Data supplied:
──────────────────────────────
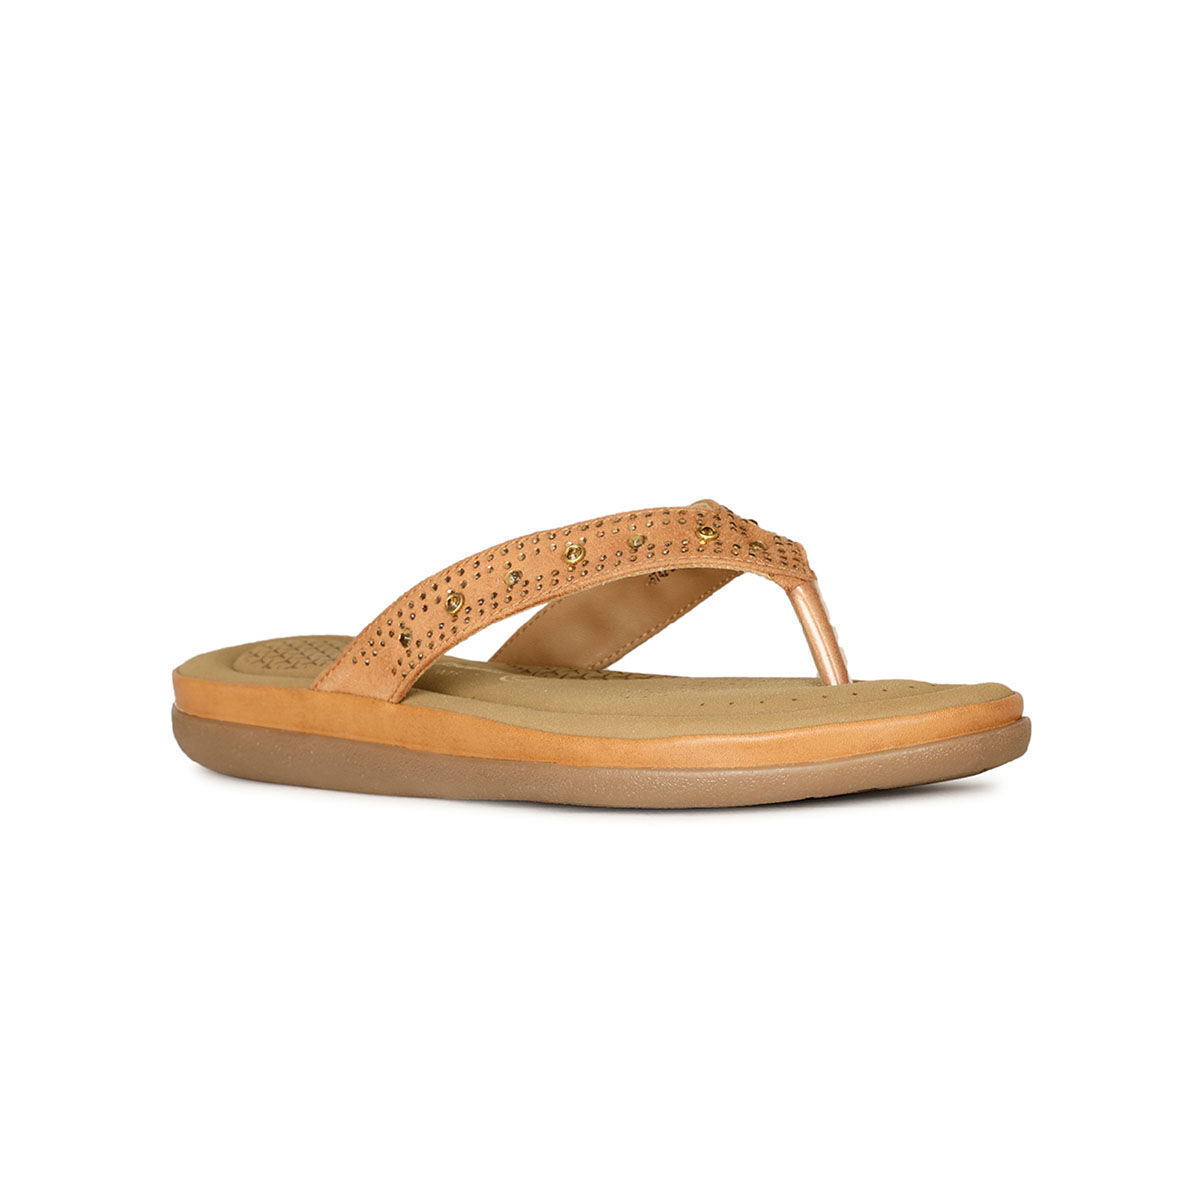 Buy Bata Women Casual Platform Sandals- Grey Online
──────────────────────────────
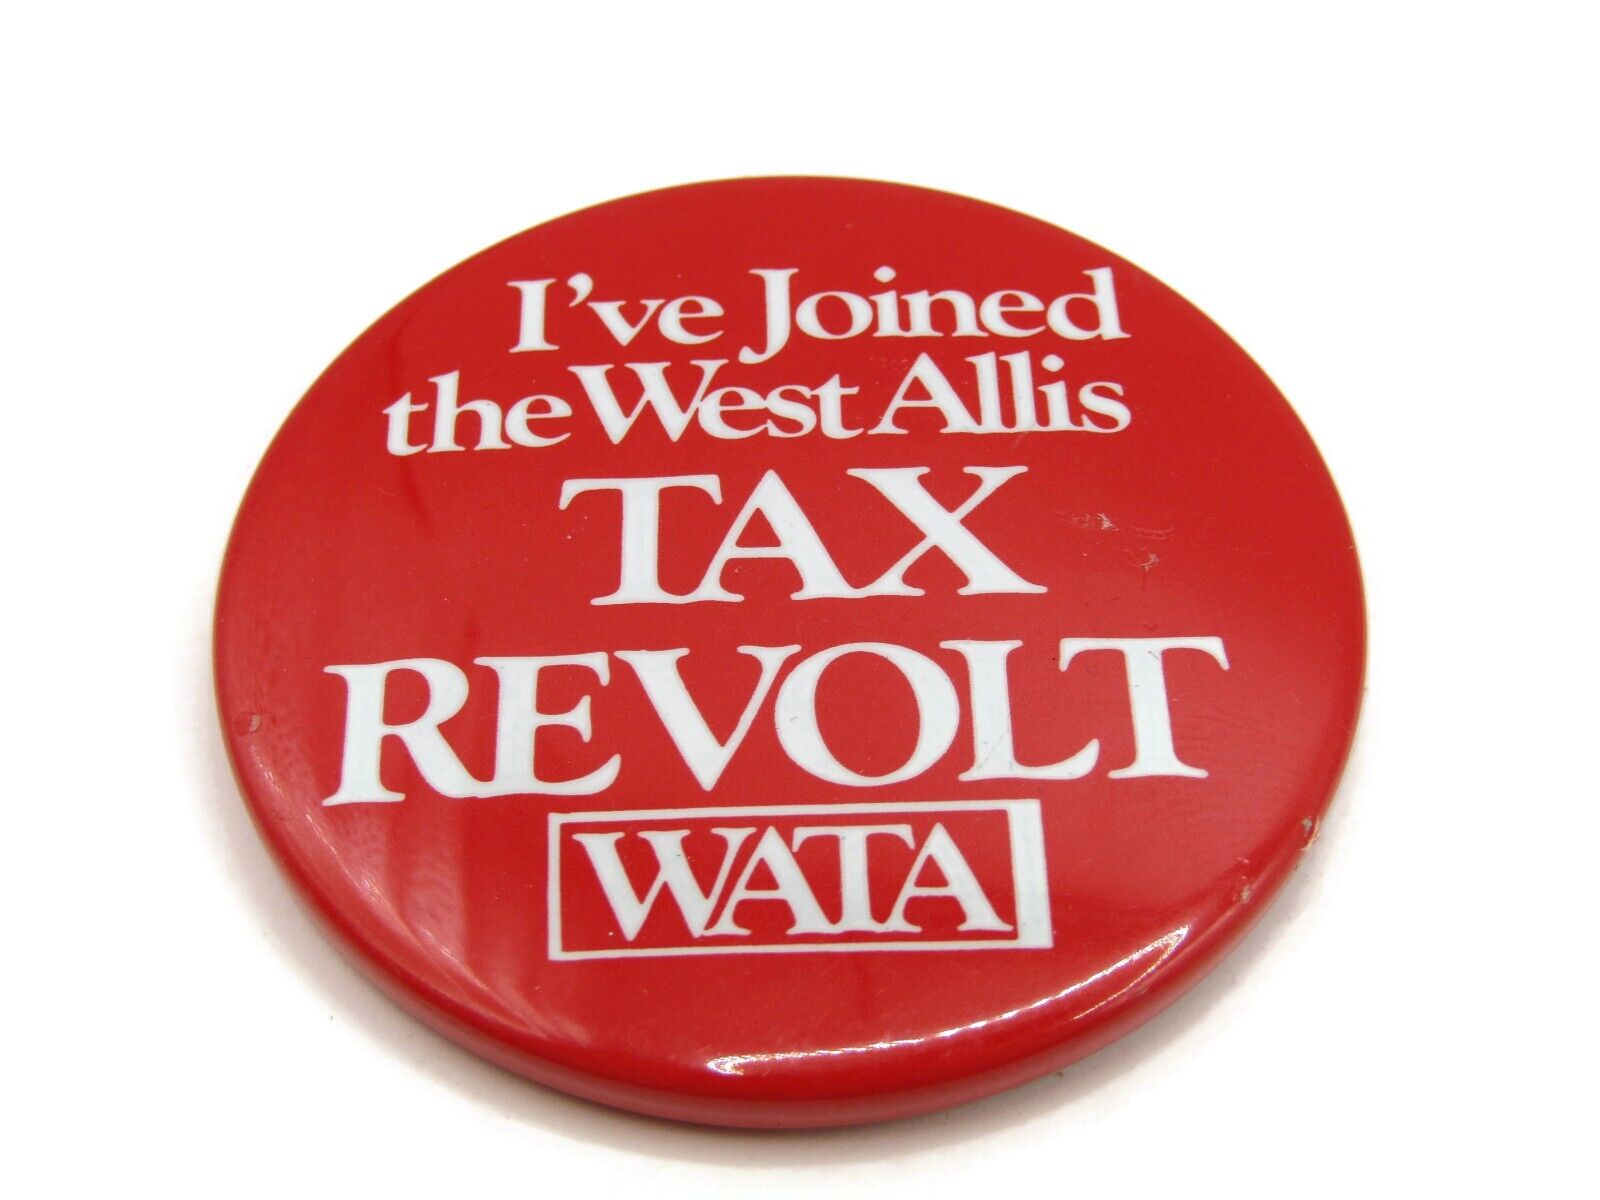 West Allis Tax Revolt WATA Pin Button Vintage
──────────────────────────────
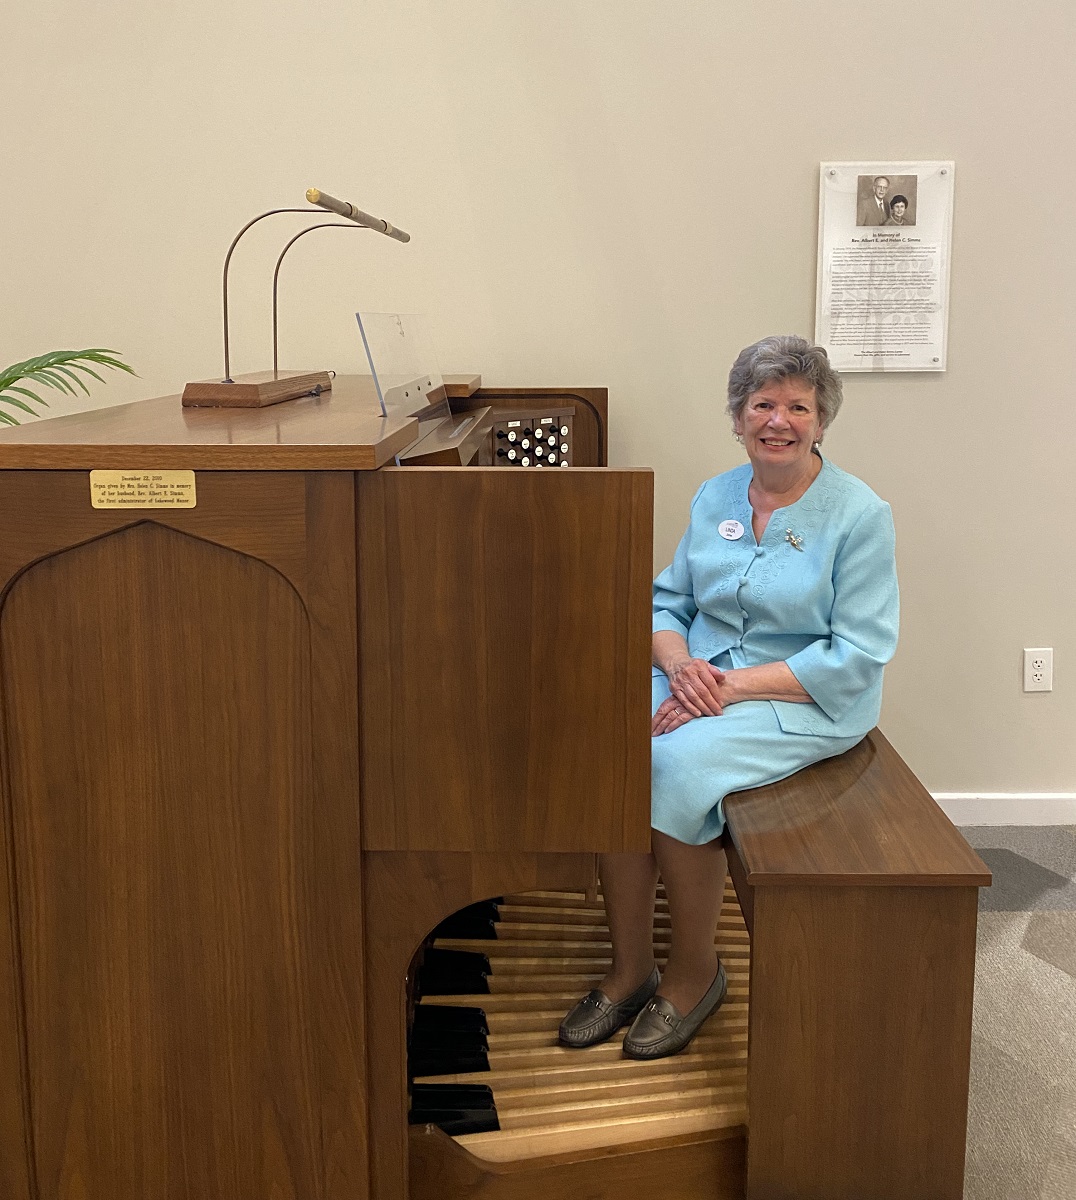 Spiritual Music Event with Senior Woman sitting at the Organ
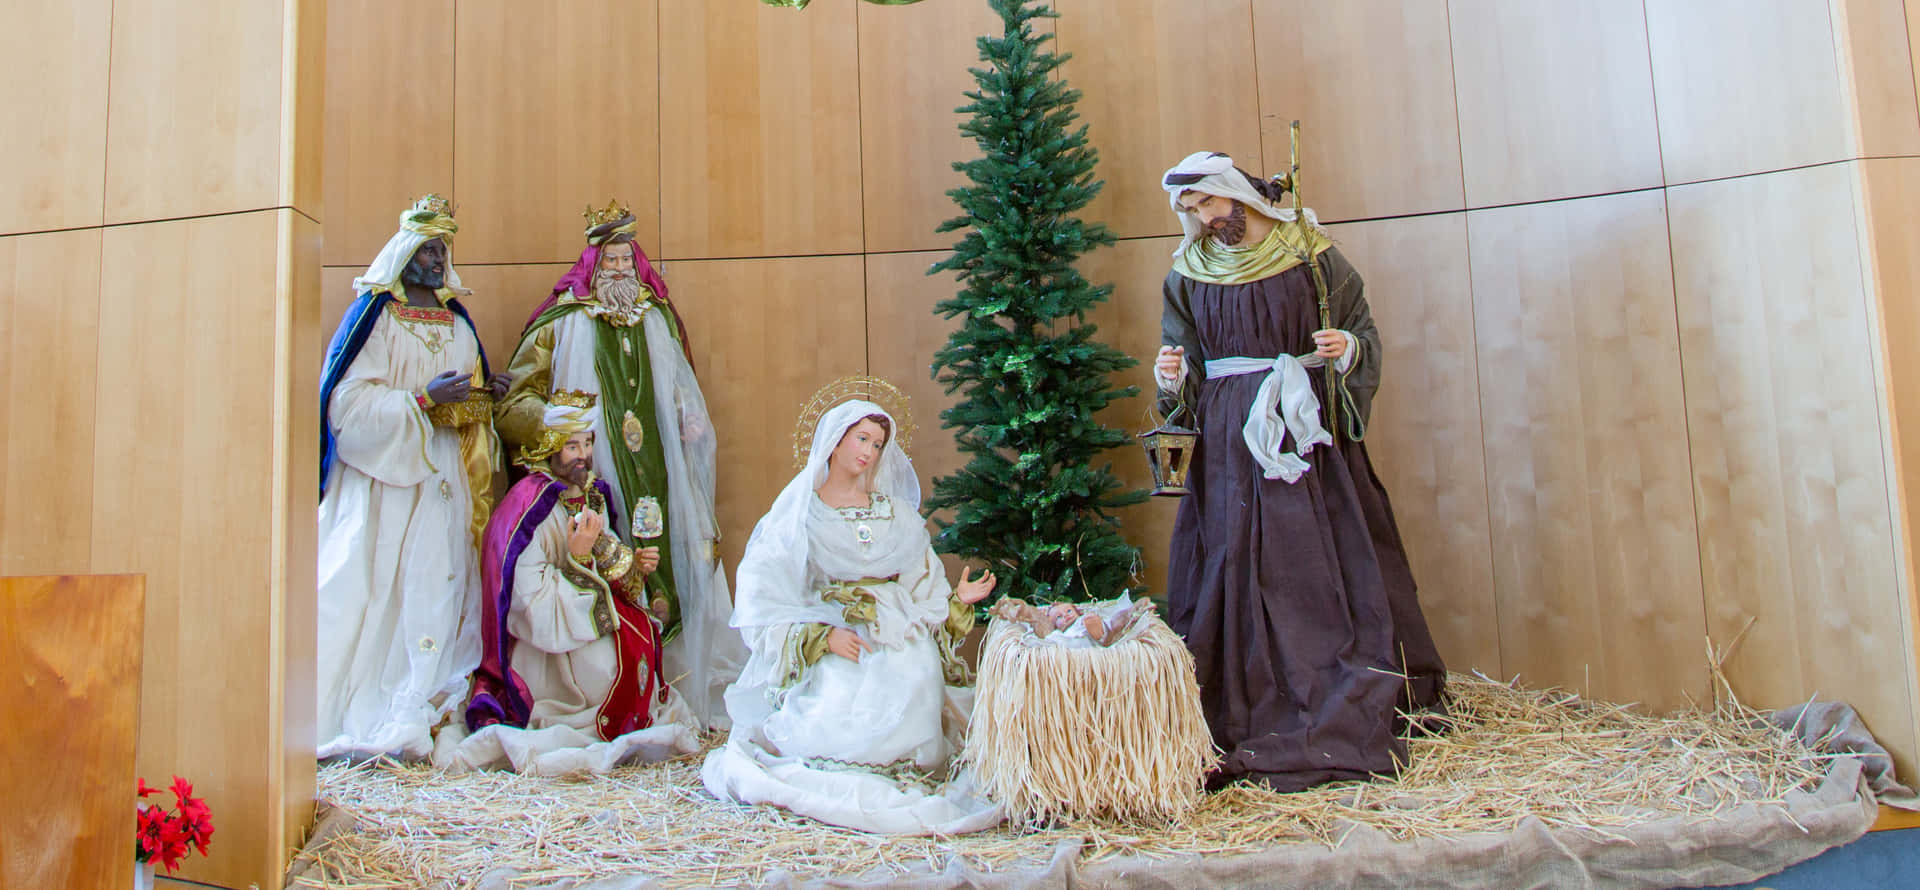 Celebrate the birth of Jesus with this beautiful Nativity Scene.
──────────────────────────────
Retype only the lines above from the one with "Spiritual Music Event" through the one with "Celebrate the birth", exactly and with both ends. Images stay out.

Solution to the exercise:
 Spiritual Music Event with Senior Woman sitting at the Organ
 Celebrate the birth of Jesus with this beautiful Nativity Scene.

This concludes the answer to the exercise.